- _Problem details_
Only the pictures are to be left out; write out the rest of the data exactly.

───── Dataset excerpt

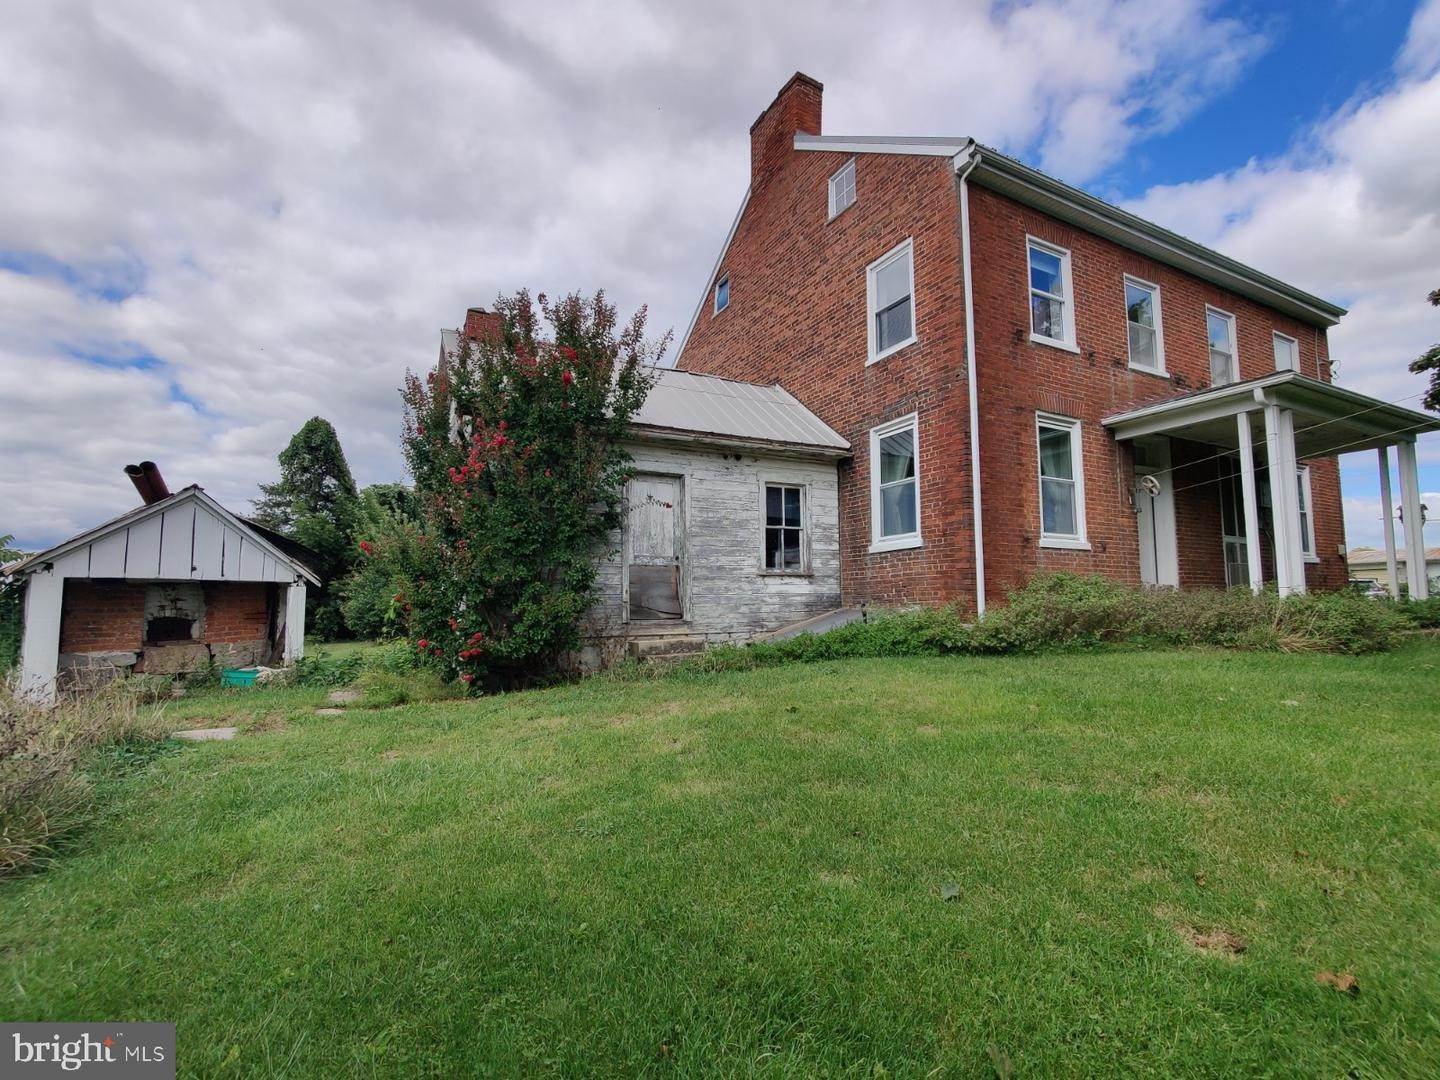 14. Commercial for Sale at 226 MILNOR ROAD Greencastle, Pennsylvania 17225 United States
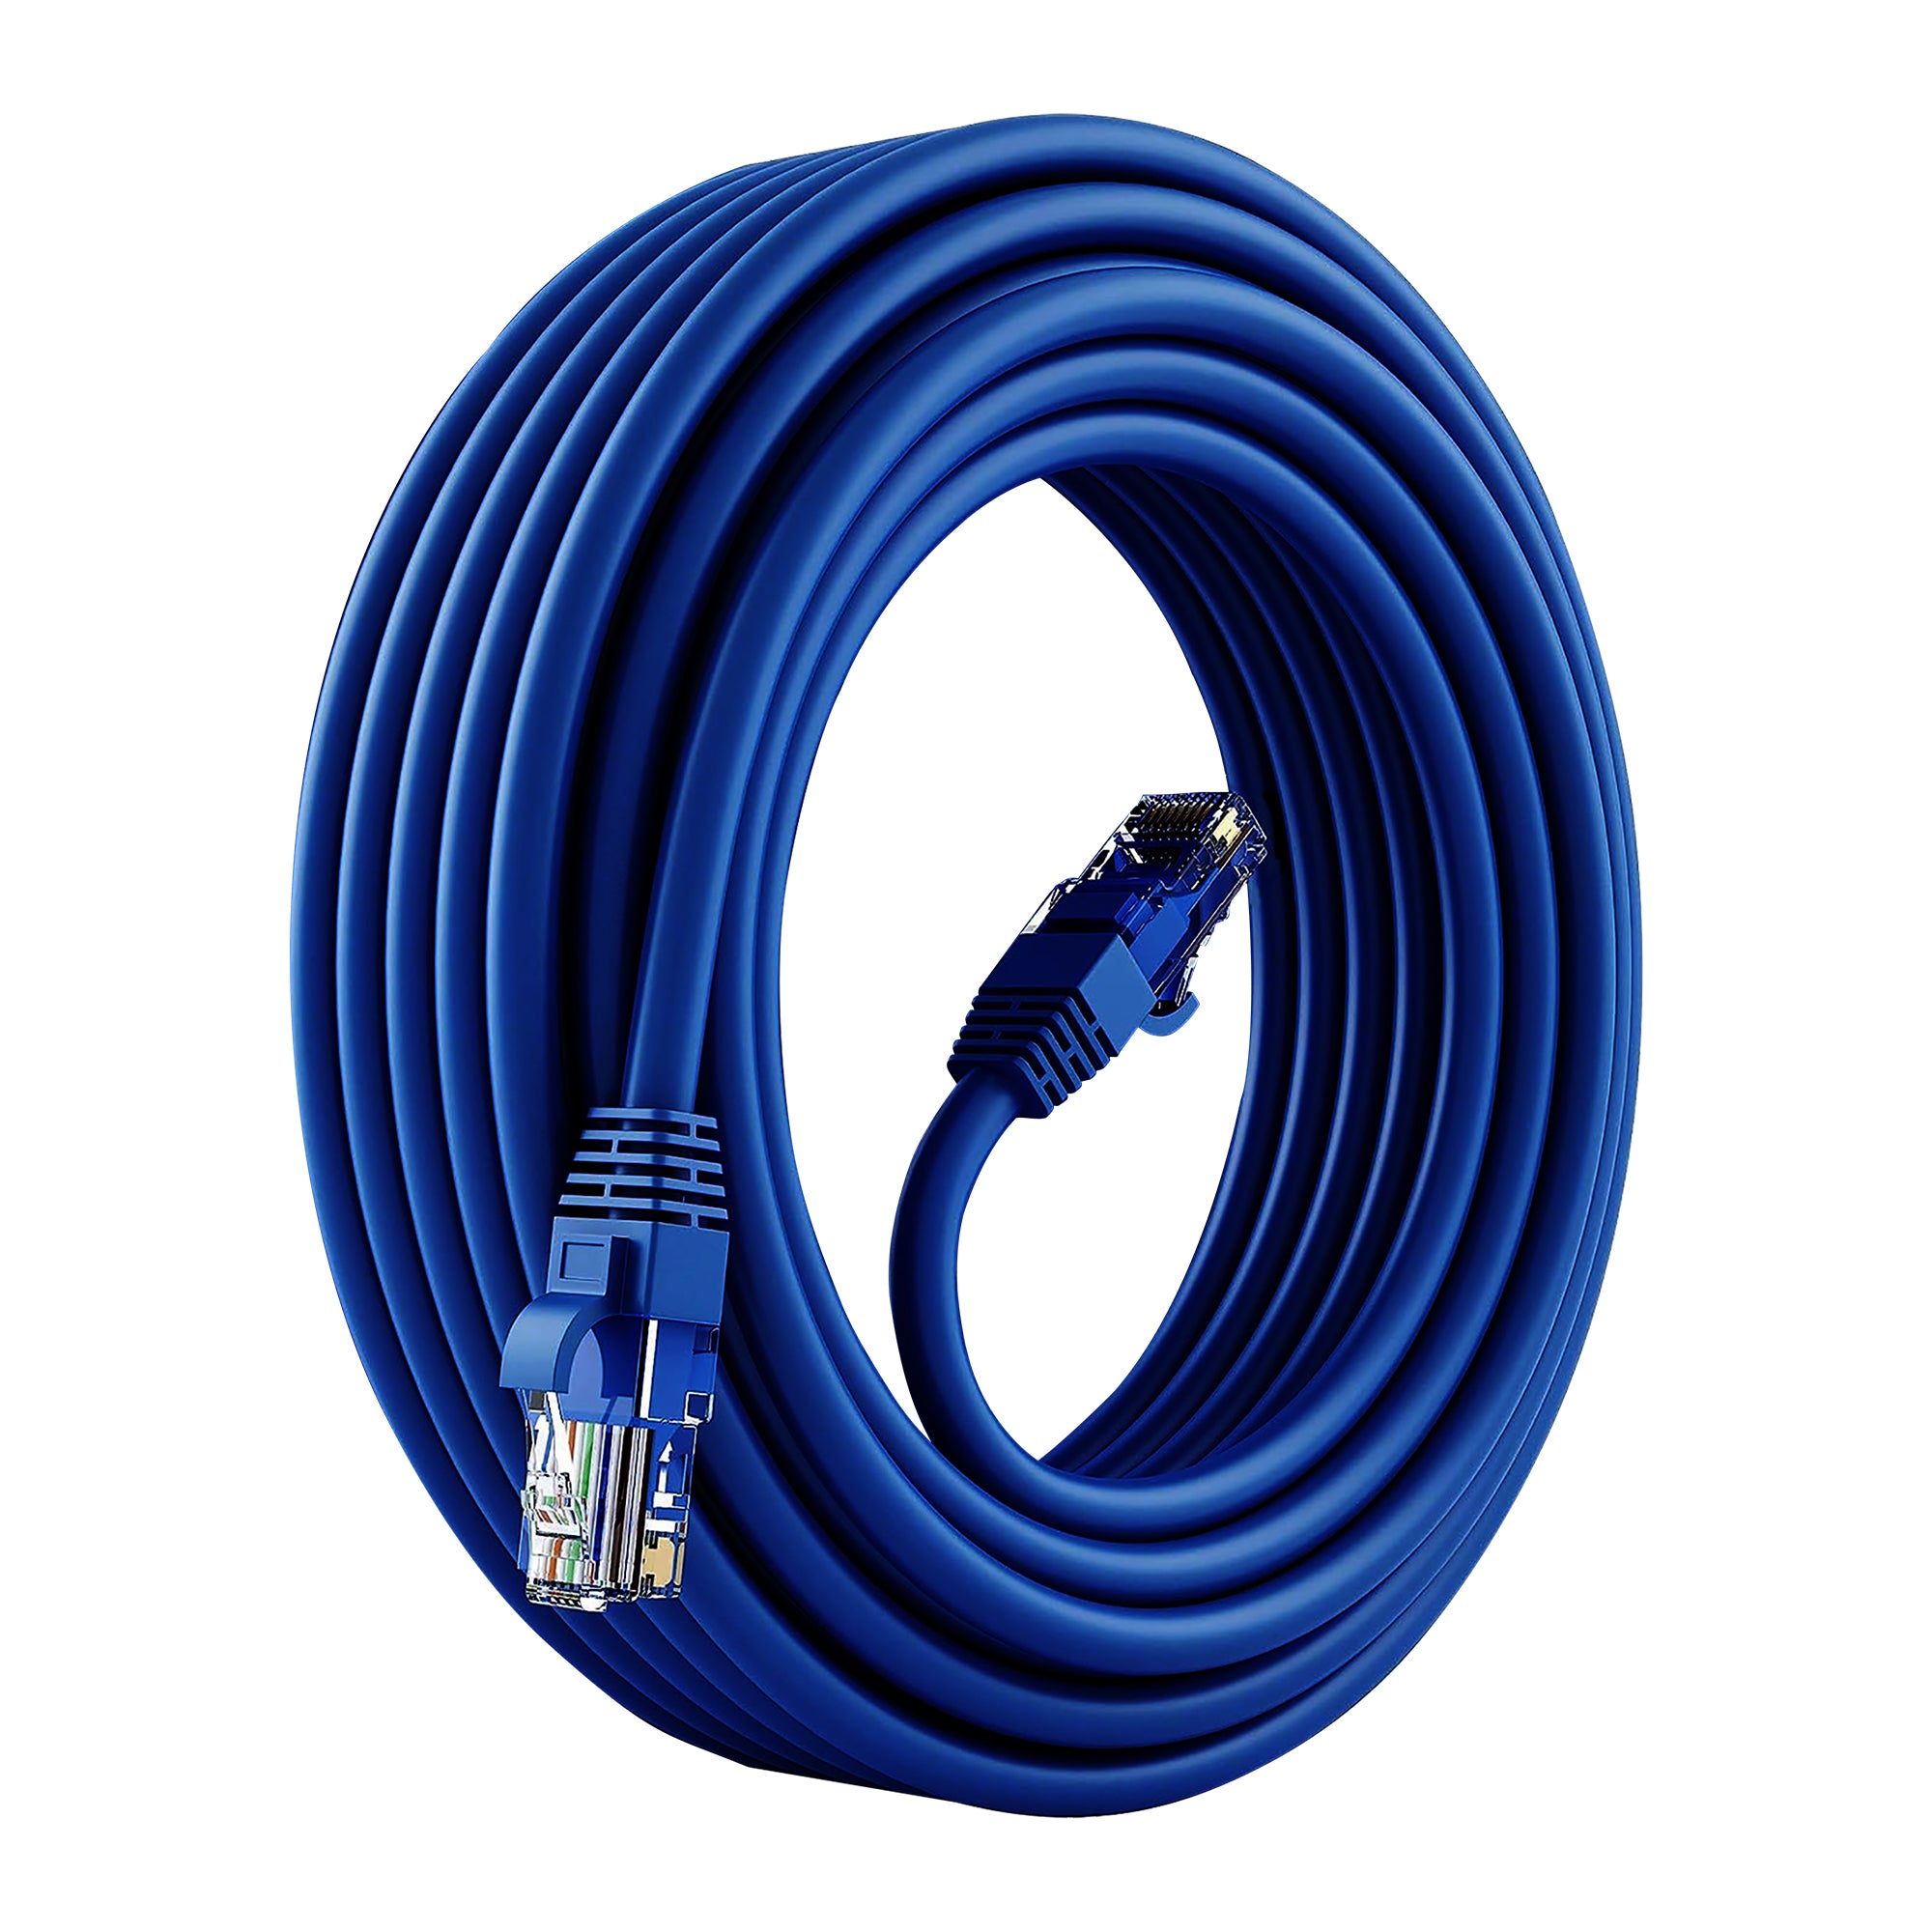 MATEIN Cat 7 Ethernet Cable,100 Ft Network Cable for Modem Router, High  Speed Flat Internet Cord with Clips Rj45 Snagless Connector Fast Computer  LAN
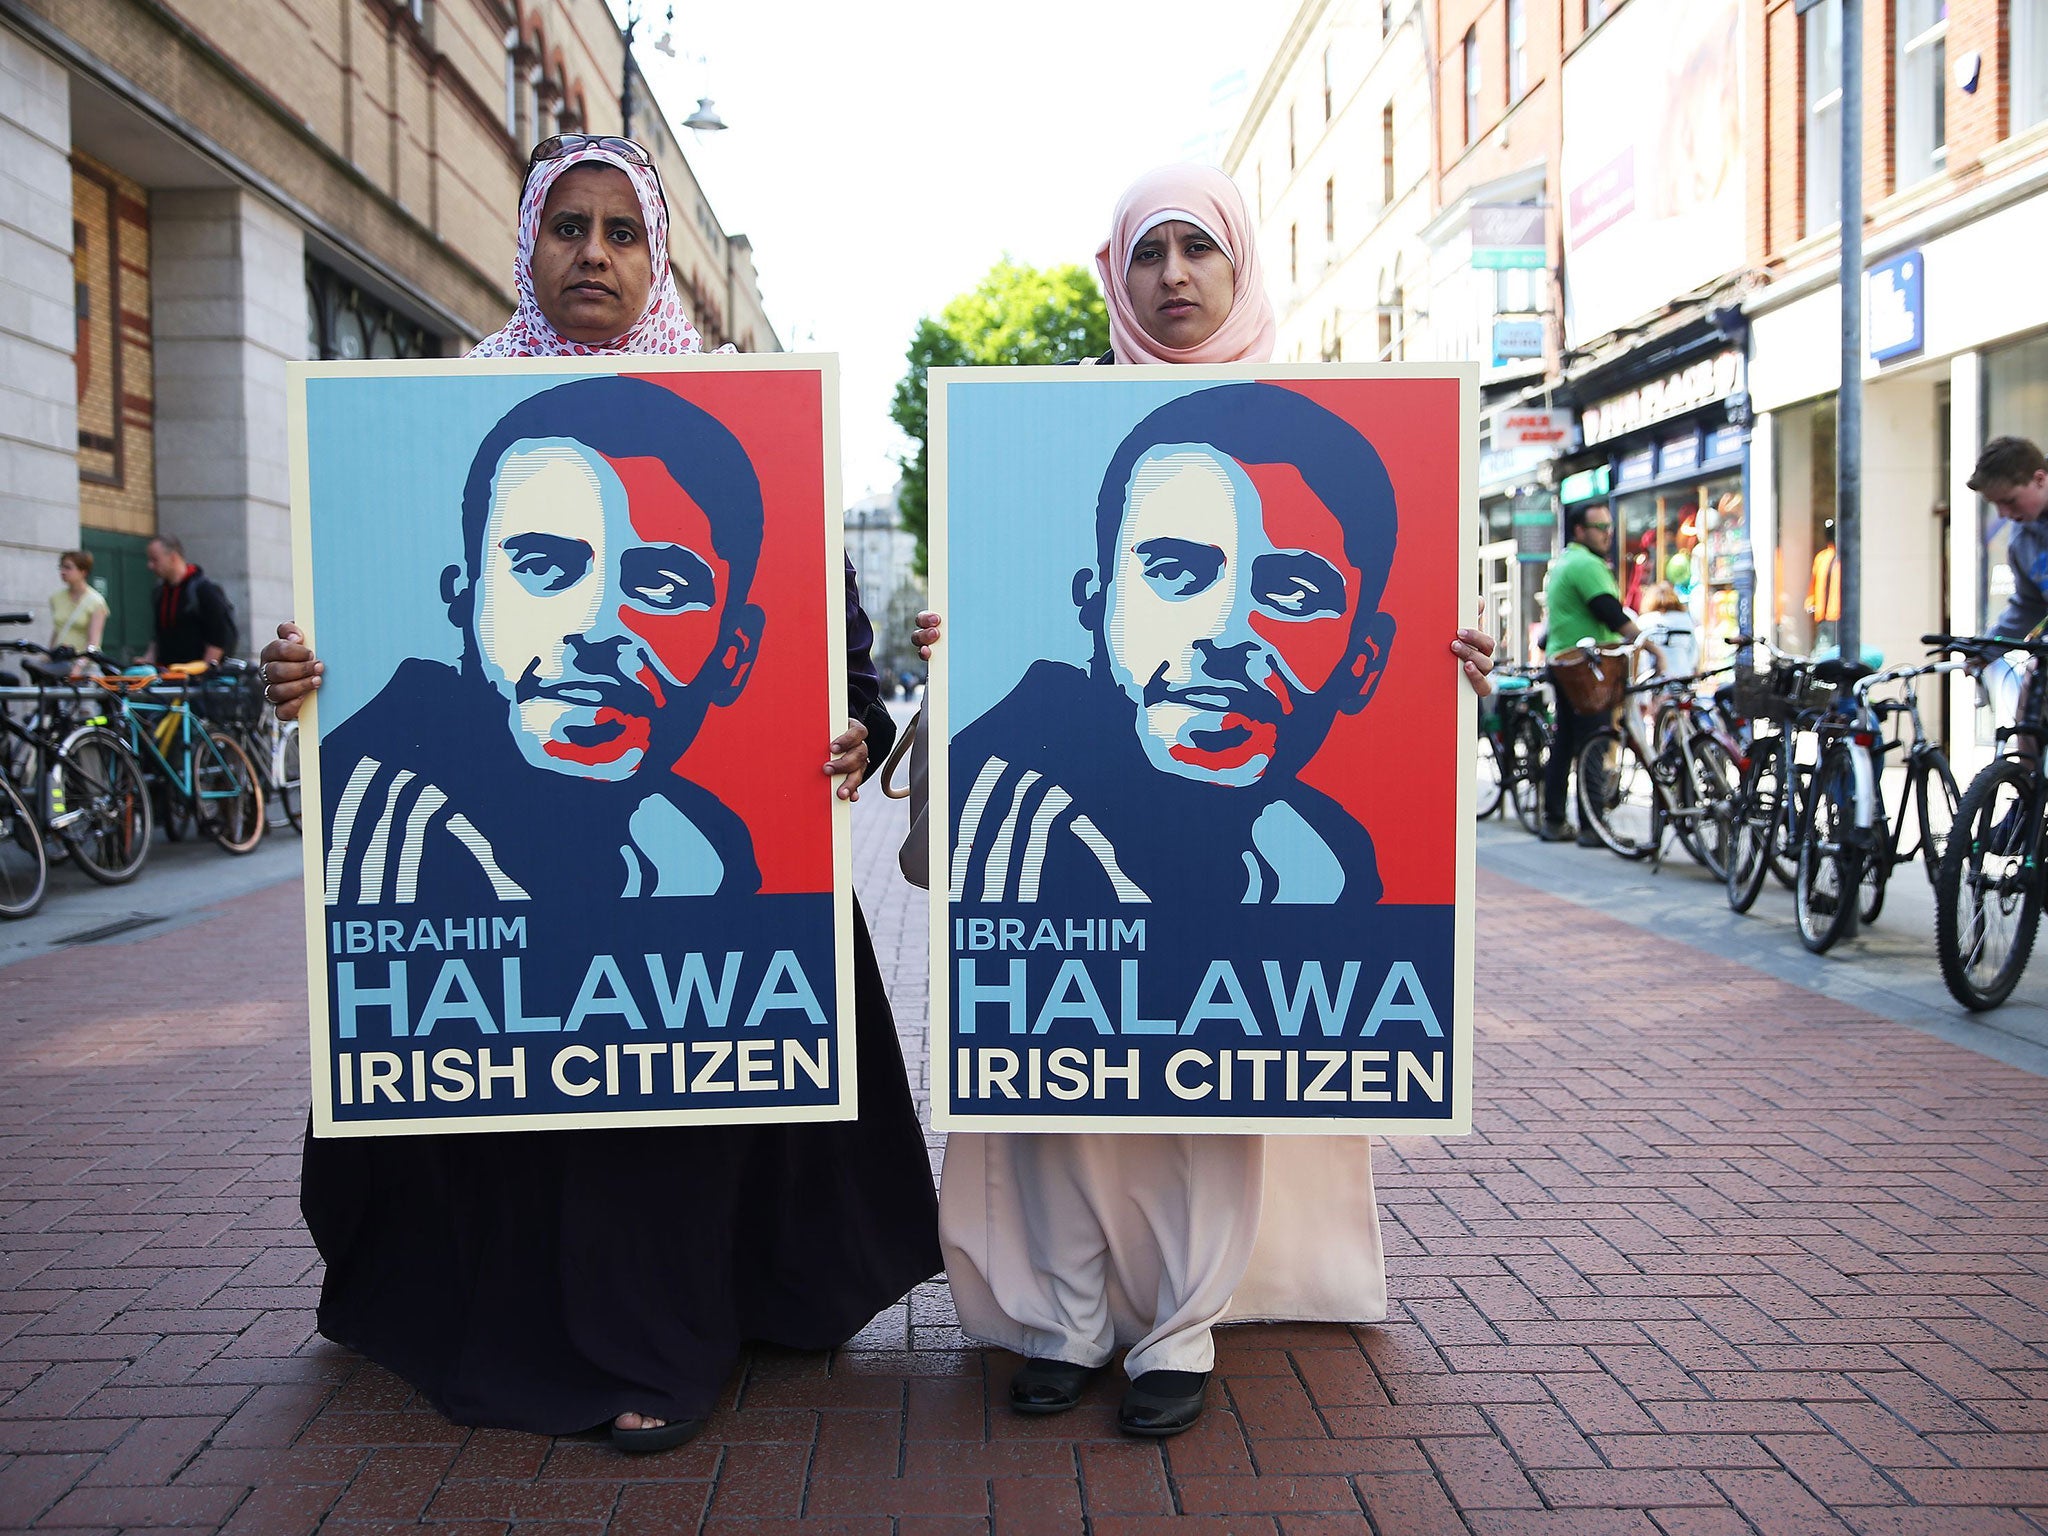 Nosayba (left) and Somaia Halawa, sisters of Ibrahim Halawa, on Grafton Street in Dublin's city centre, where family members and supporters held an awareness day

──────────

- _Exercise answer_
 14. Commercial for Sale at 226 MILNOR ROAD Greencastle, Pennsylvania 17225 United States
 MATEIN Cat 7 Ethernet Cable,100 Ft Network Cable for Modem Router, High  Speed Flat Internet Cord with Clips Rj45 Snagless Connector Fast Computer  LAN
 Nosayba (left) and Somaia Halawa, sisters of Ibrahim Halawa, on Grafton Street in Dublin's city centre, where family members and supporters held an awareness day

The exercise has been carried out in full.